Data model options have evolved far beyond a world where, to paraphrase Henry Ford, “A customer can have their data painted any color they want, so long as it is Relational.” How to persist data is one of the major challenges in the development of fault tolerant, geographically distributed, secure, regulatory compliant, evolutionary, web-scale applications. At ioet our methodology for data is to work toward a solution from two perspectives. Using domain driven design we discover the shape of the data, the number of distinct pools of data and their important characteristics in terms of privacy and security engineering, data types, scale, velocity, and architectural patterns such as events, streams, immutability, transactions and eventual consistency; all these factors and more inform the design space. From another perspective we consider DevOps factors such as the use of the many cloud-based and serverless solutions, replication for availability as well as scale, security factors such as encryption at rest and in-transit, authorization, observability, regulatory compliance, extraction of anonymized data to drive automated testing; all these factors and more inform the long term operational plan and impact the evolvability of the entire application.

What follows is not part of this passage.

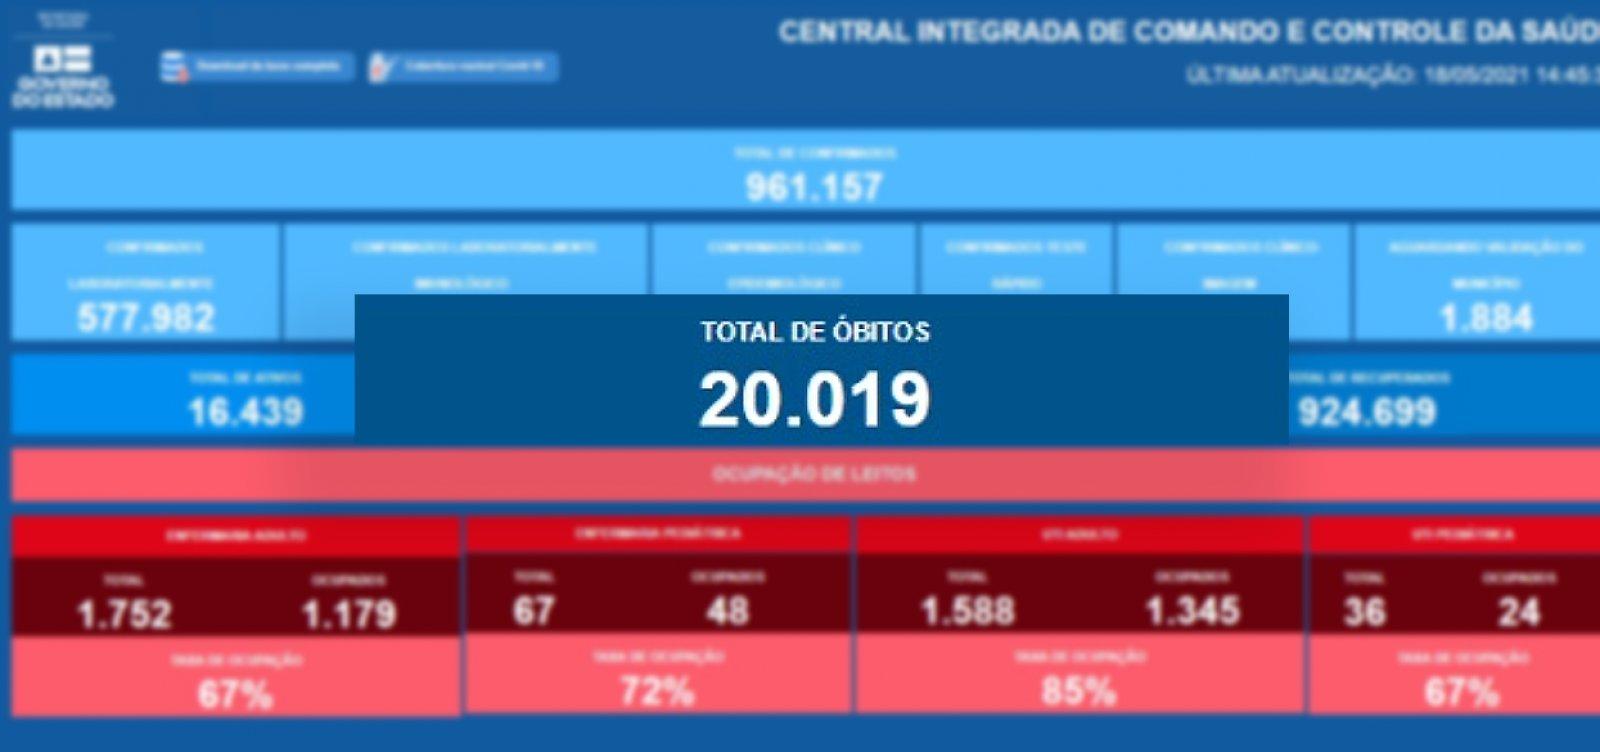 Após 14 meses de pandemia, Bahia ultrapassa marca de 20 mil mortes por Covid-19

We have experience with numerous serverless data options such as AWS S3, Aurora, DynamoDB, QLDB, Timestream, MSK (Kafka), Redis, Redshift, and Glacier. As well as other NoSQL platforms such as Neo4j, MongoDB/Atlas, Snowflake, Azure Cosmos, Google Firestore, Bigtable, BigQuery.

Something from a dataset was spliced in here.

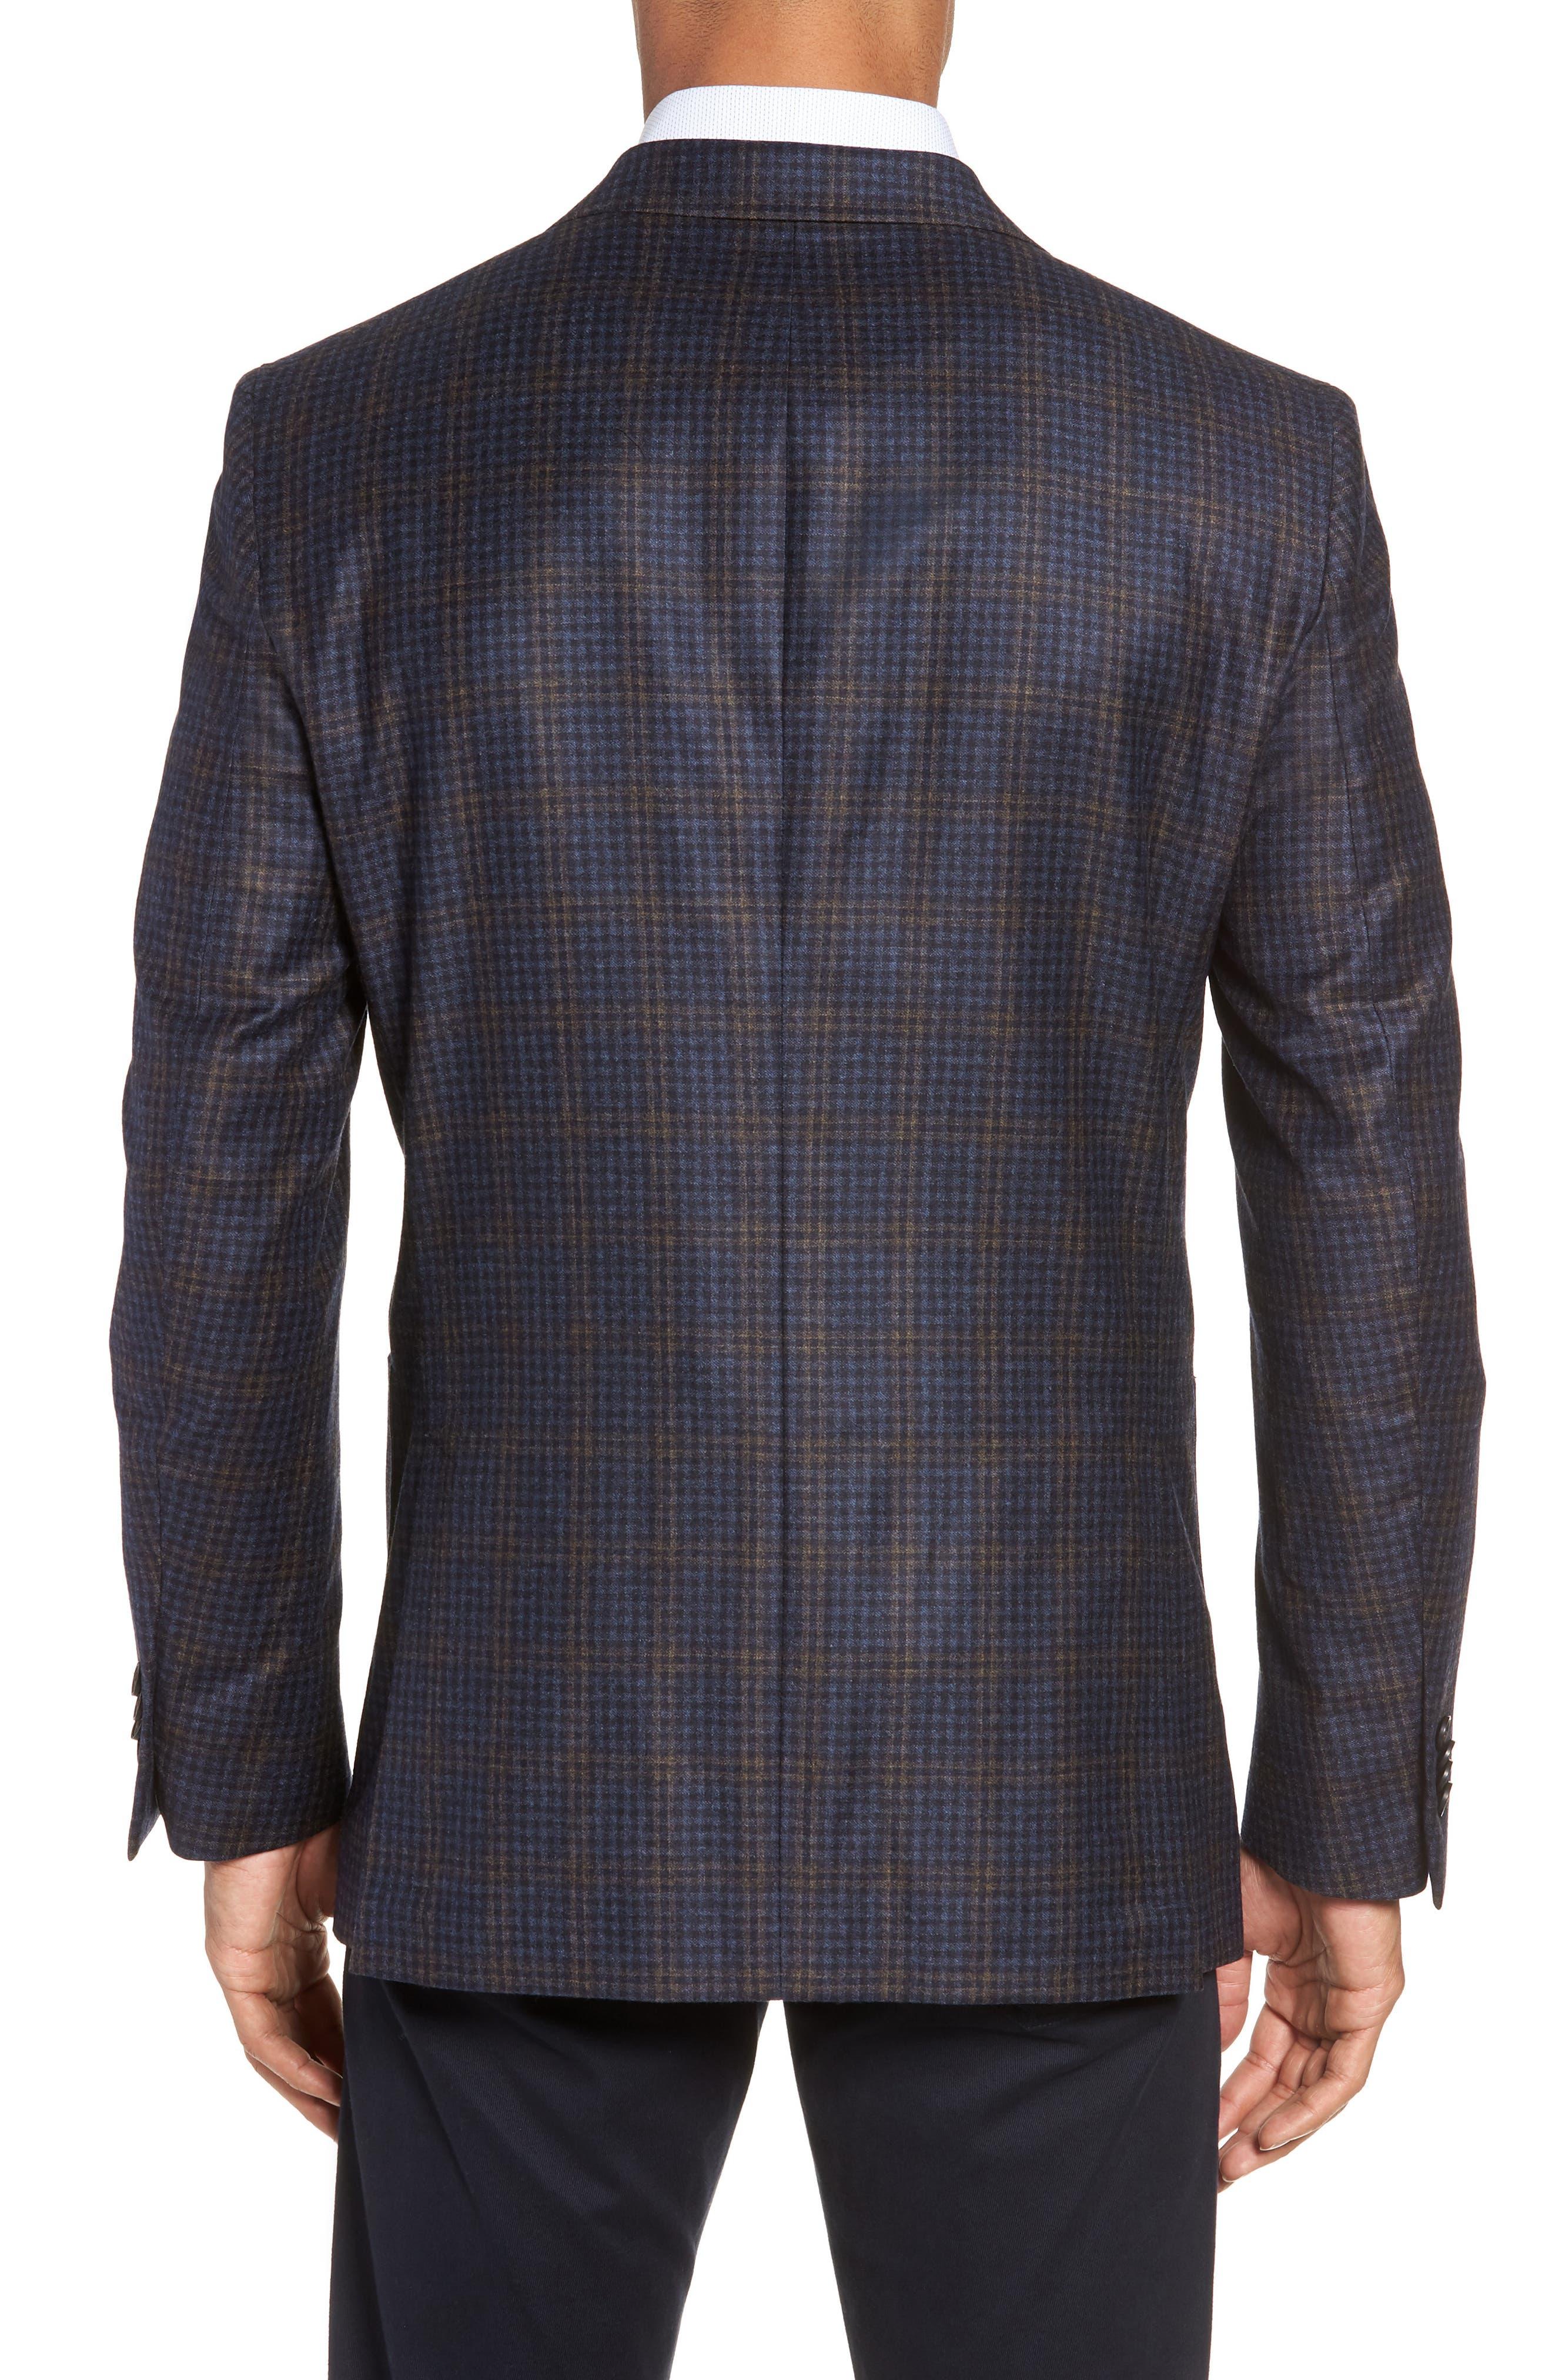 PETER MILLAR,                             Classic Fit Check Wool Sport Coat,                             Alternate thumbnail 2, color,                             NAVY

Serverless cloud-scale persistence solutions are usually the best and least expensive option but there are applications where an embedded database is suitable. We have experience with all the usual options such as Postgres, MariaDB and MySQL as well as conventional enterprise systems such as Oracle and SQL Server.
Visualization is used to communicate information clearly and efficiently, and to abstract and reduce large and complex data into graphs and synthetic images that make it easier for users to spot patterns and anomalies. High quality visualizations are common in "dashboards" which are replacing "reports" as a tool for observing complex systems. We have experience developing visualizations based on very large data sets and using common tools and frameworks, such as Apollo, GraphQL, Cytoscape, D3, C3, vis.js, Jupyter, MATLAB, matplotlib, NumPy, Pandas, OpenGL, Plotly, R, Three.js, DHTMLX, Highcharts, FusionCharts, echarts, and others.